SIM Resources comment - Dec 11 - Fund Manager Comment22 Feb 2012
Market Review
Early in the fourth quarter of 2011 resource share prices rebounded off the lows established in August/September 2011 when European authorities demonstrated that they would adopt various initiatives to contain the debt crisis. Improvements in a number of US macro indicators during the quarter supported this improvement in sentiment. While Chinese macro indicators remained weak during the period, indications of a peak in inflation triggered speculation that Chinese authorities were close to stimulating the economy again. Chinese authorities took the first small steps in this direction towards the end of December 2011. Following the bounce early in the quarter, volatility was the main feature of equity markets, as participants were caught up in the tug of war between the major players in the European debt crisis. Another feature of the quarter was a weakening in the euro and commensurate strengthening of the US dollar. The rand weakened during the quarter on the back of the strong dollar, underpinning rand-denominated share prices. The oil price in US dollar terms remained high during this period despite adequate supply and weakening demand at the margin. Factors keeping the oil price high are a lack of production growth from non-OPEC countries; limited spare capacity amongst OPEC countries; most spare capacity being concentrated in hands of the Saudi's; high social costs in the Middle East and the threat of the "Arab Spring" resulted in OPEC producers needing an oil price of at least $90 a barrel to balance their budgets. The price discount between WTI and Brent oil narrowed to more normal levels. With the slight improvement in global sentiment and strengthening dollar, the gold price traded sideways at levels well below the peak reached in August 2011. The platinum industry is experiencing tough trading conditions. There were further production interruptions due to Section 54 safety stoppages. Platinum and rhodium prices came under pressure, given poor prospects for autocatalyst demand in Europe. Above-inflation wage and electricity price increases are fuelling cost inflation. Pulp, paper and steel prices came under pressure on the weak economic outlook, particularly in the Euro-zone. Coal and iron ore prices came under pressure due to weakness in Chinese/Asian demand. Base metal prices traded sideways at the low levels reached during August/September 2011.

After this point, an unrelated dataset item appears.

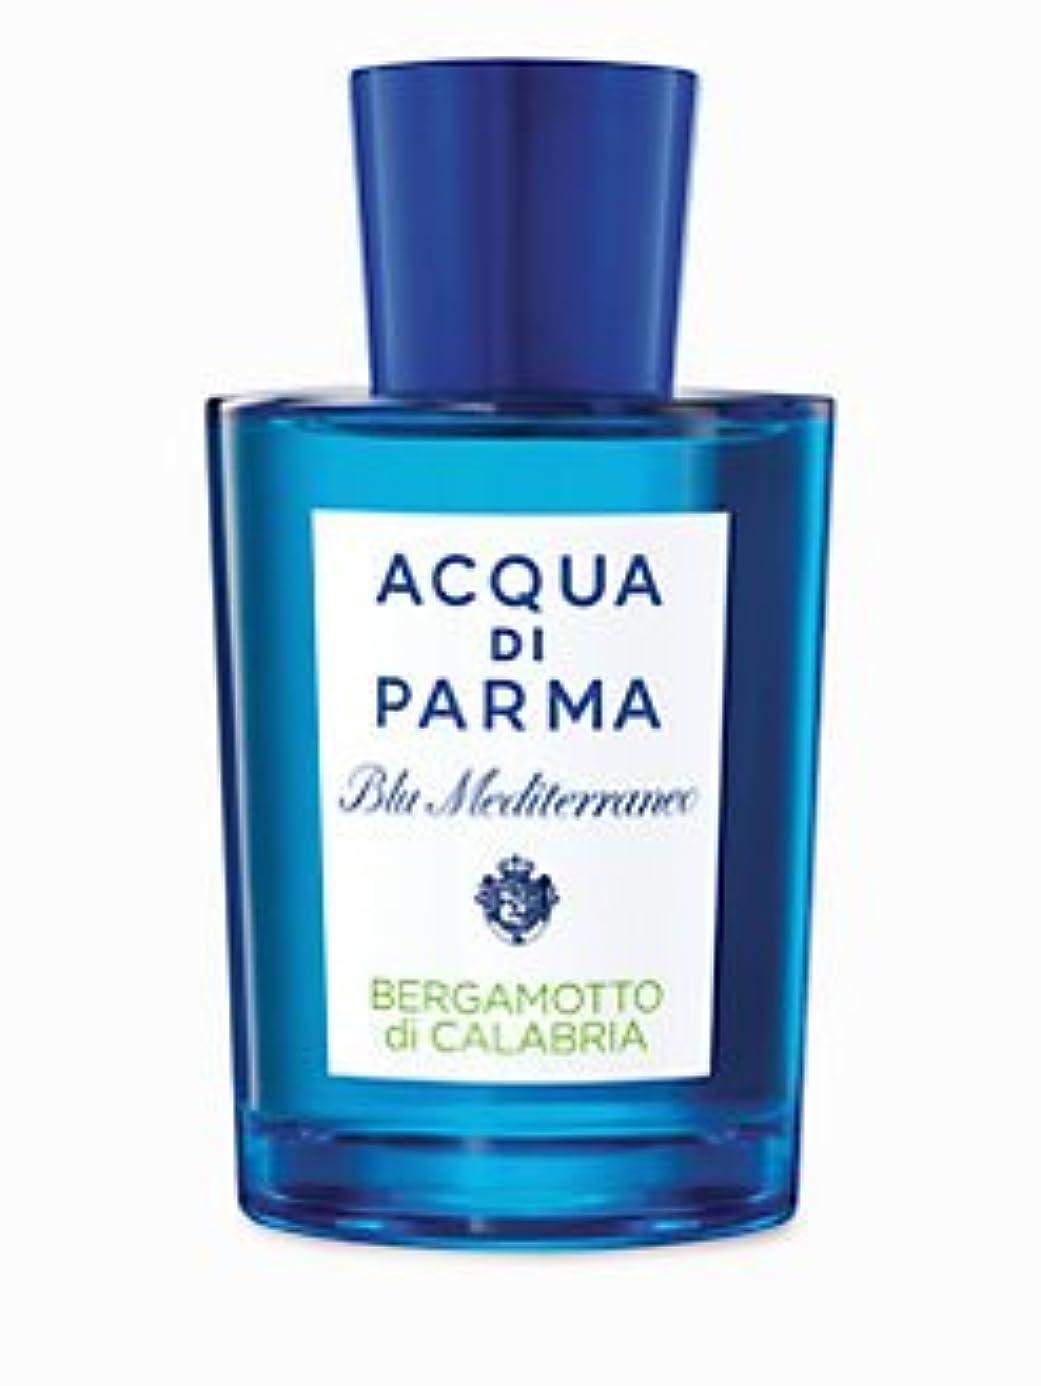 以上惨めな病者Blu Mediterraneo Bergamotto di Calabria (ブルー メディタレーネオ ベルガモット カラブリア) 2.0 oz (60ml) EDT Spray by Acqua di Parma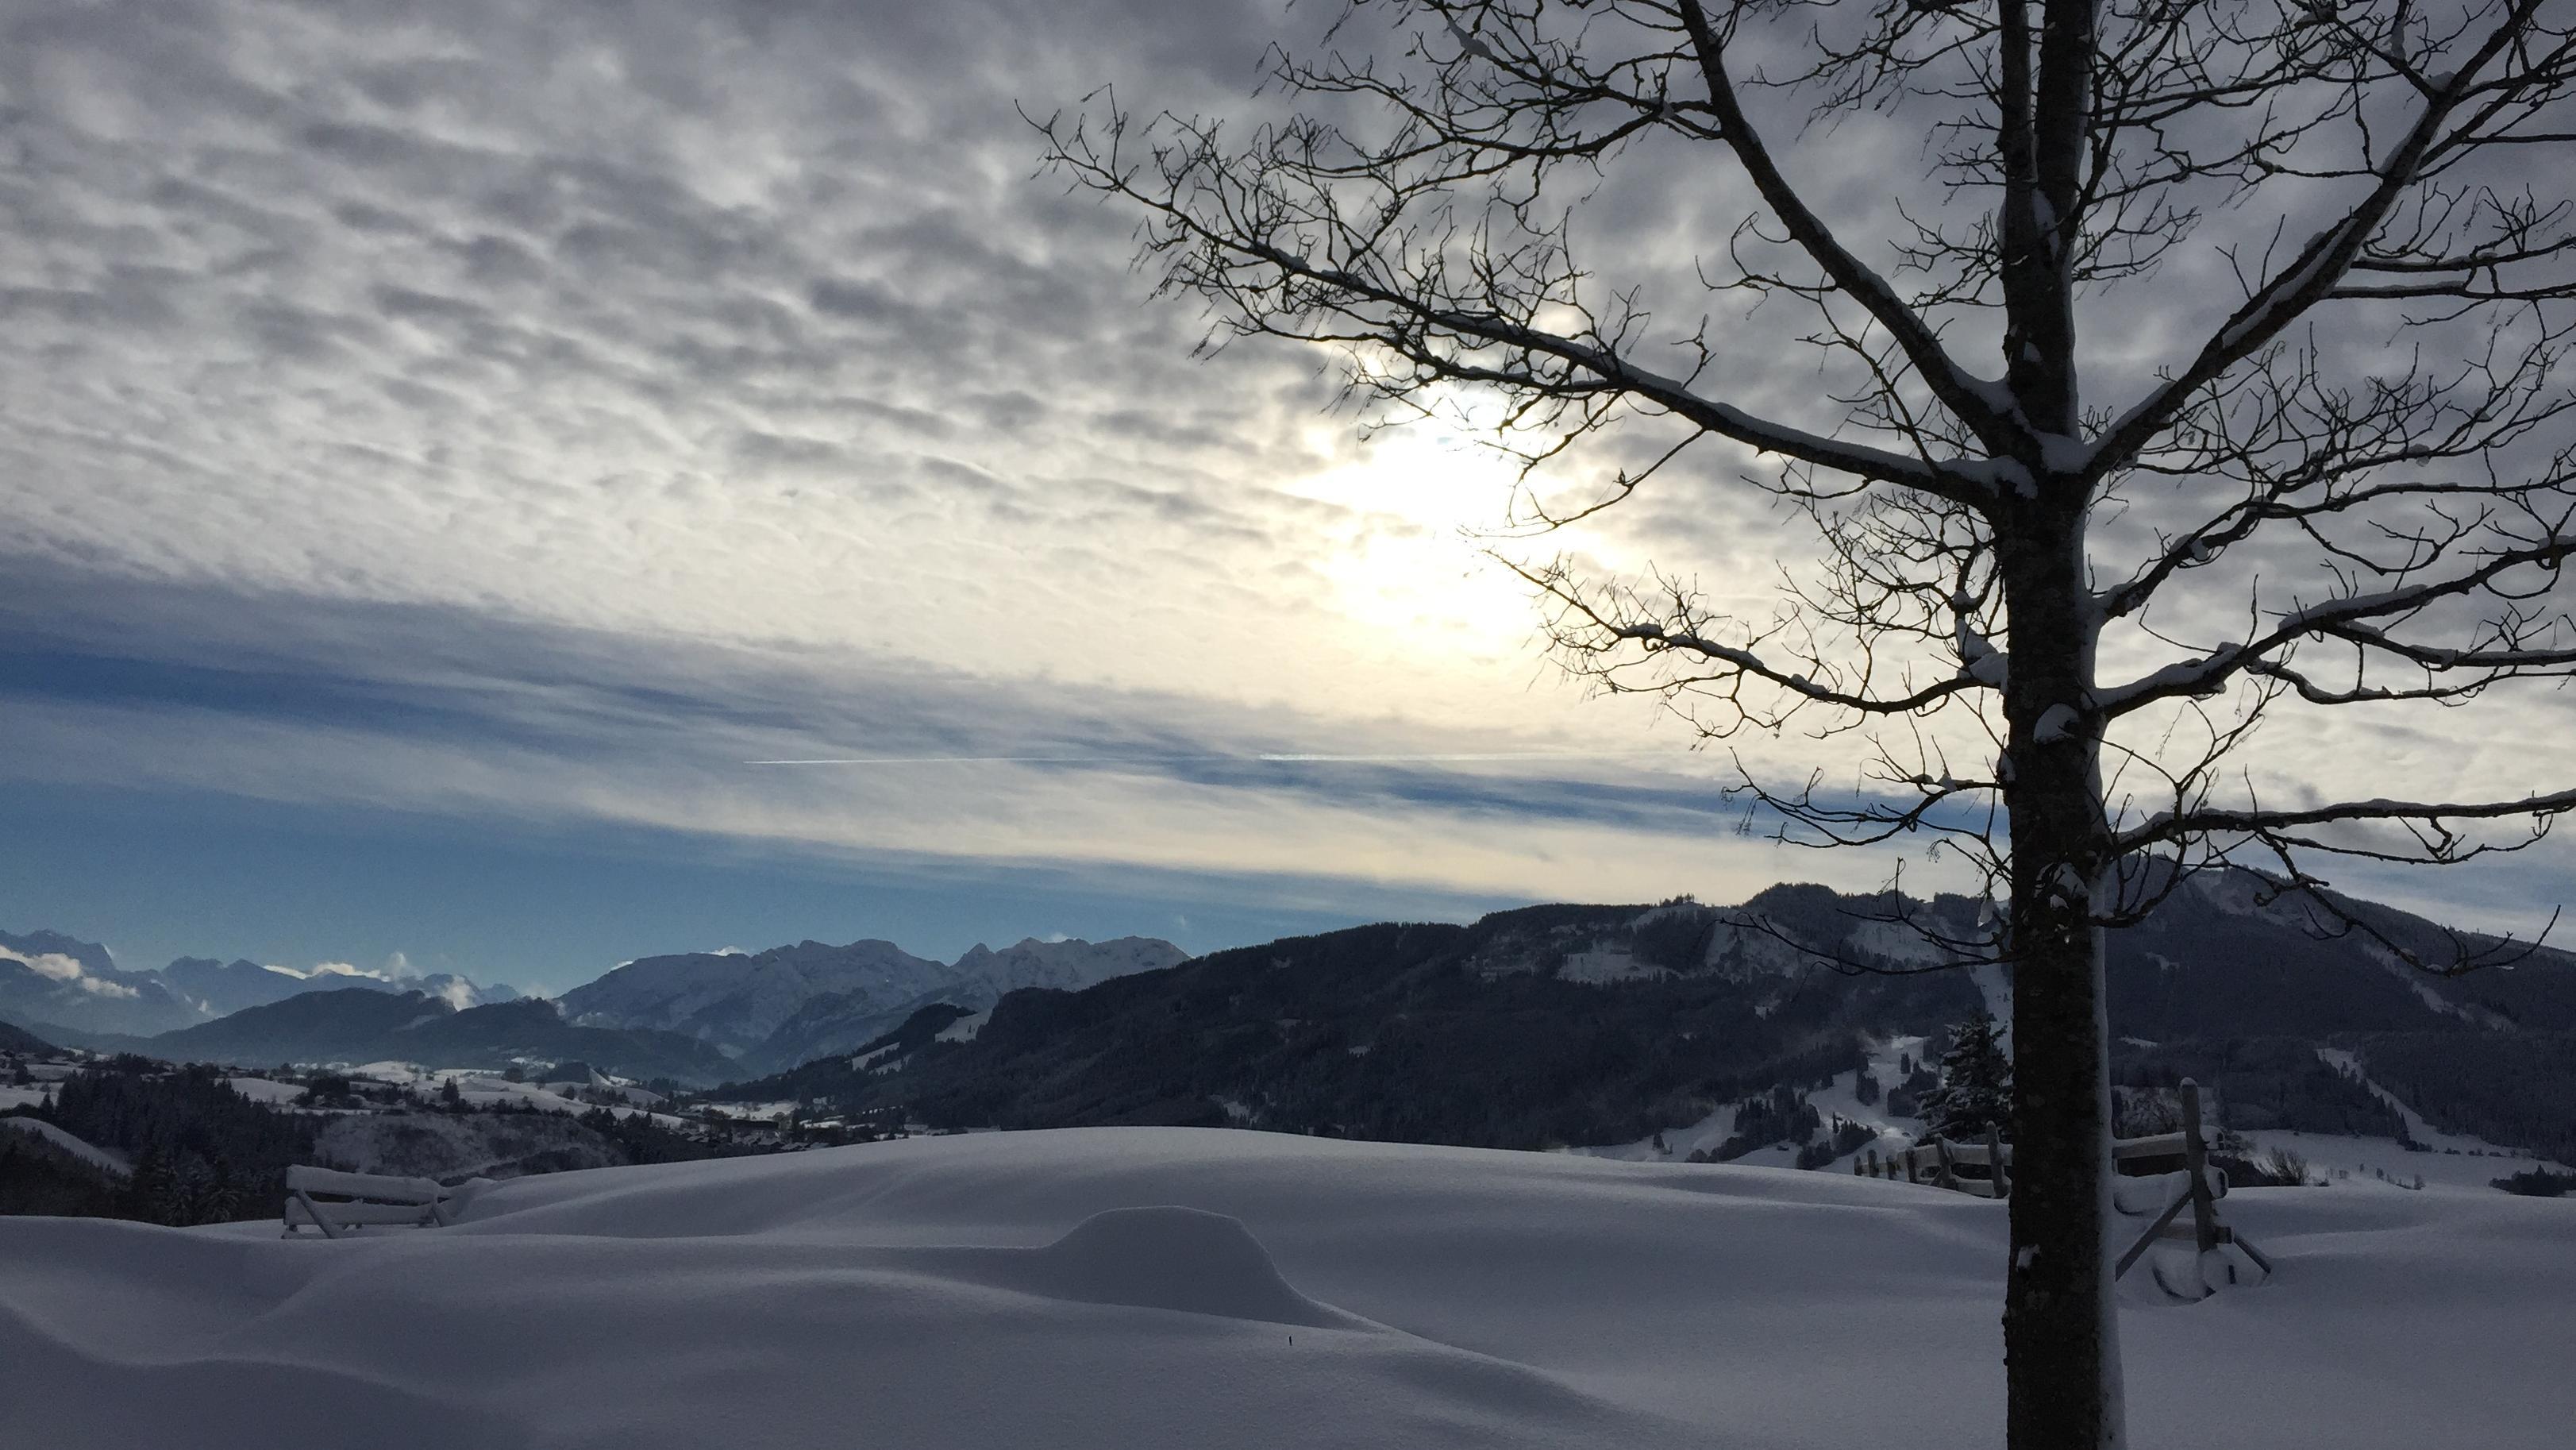 Blick von der Schnakenhöhe bei Maria Rain, Gemeinde Oy-Mittelberg (Lkr. Oberallgäu) Richtung Alpspitze und östliche Allgäuer Alpen

What added to - and detracted from - performance
We are pleased with the Fund's performance in what has been a difficult year. It was one of the few amongst its peers to outperform the benchmark and ended close to the top of the peer group in performance terms. Our precious metal exposure contributed significantly to this performance. The Fund enjoyed a recovery in relative performance during the last quarter. Sasol, AECI, Barloworld and Billiton were major contributors to outperformance during the quarter. The platinum counters underperformed, as did Mondi and the steel counters (Arcelor Mittal).
What SIM did
During the quarter we reduced our positions in AECI and Goldfields. We continued increasing our exposure to Sasol and Goldfields. We continued increasing our exposure to Sasol and Anglo American, as both counters offered compelling value. We added new positions in Sappi, Aquarius platinum and Coal of Africa at opportune price levels. We switched the Fund's holding in Arcelor Mittal and EvrazHighveld into higher quality steel counters listed offshore.
SIM Strategy
The fund's principal objective is capital growth and the preservation of capital by generating returns in excess of the market. The fund is guided by its value-based investment philosophy, preferring shares that are cheap relative to intrinsic value.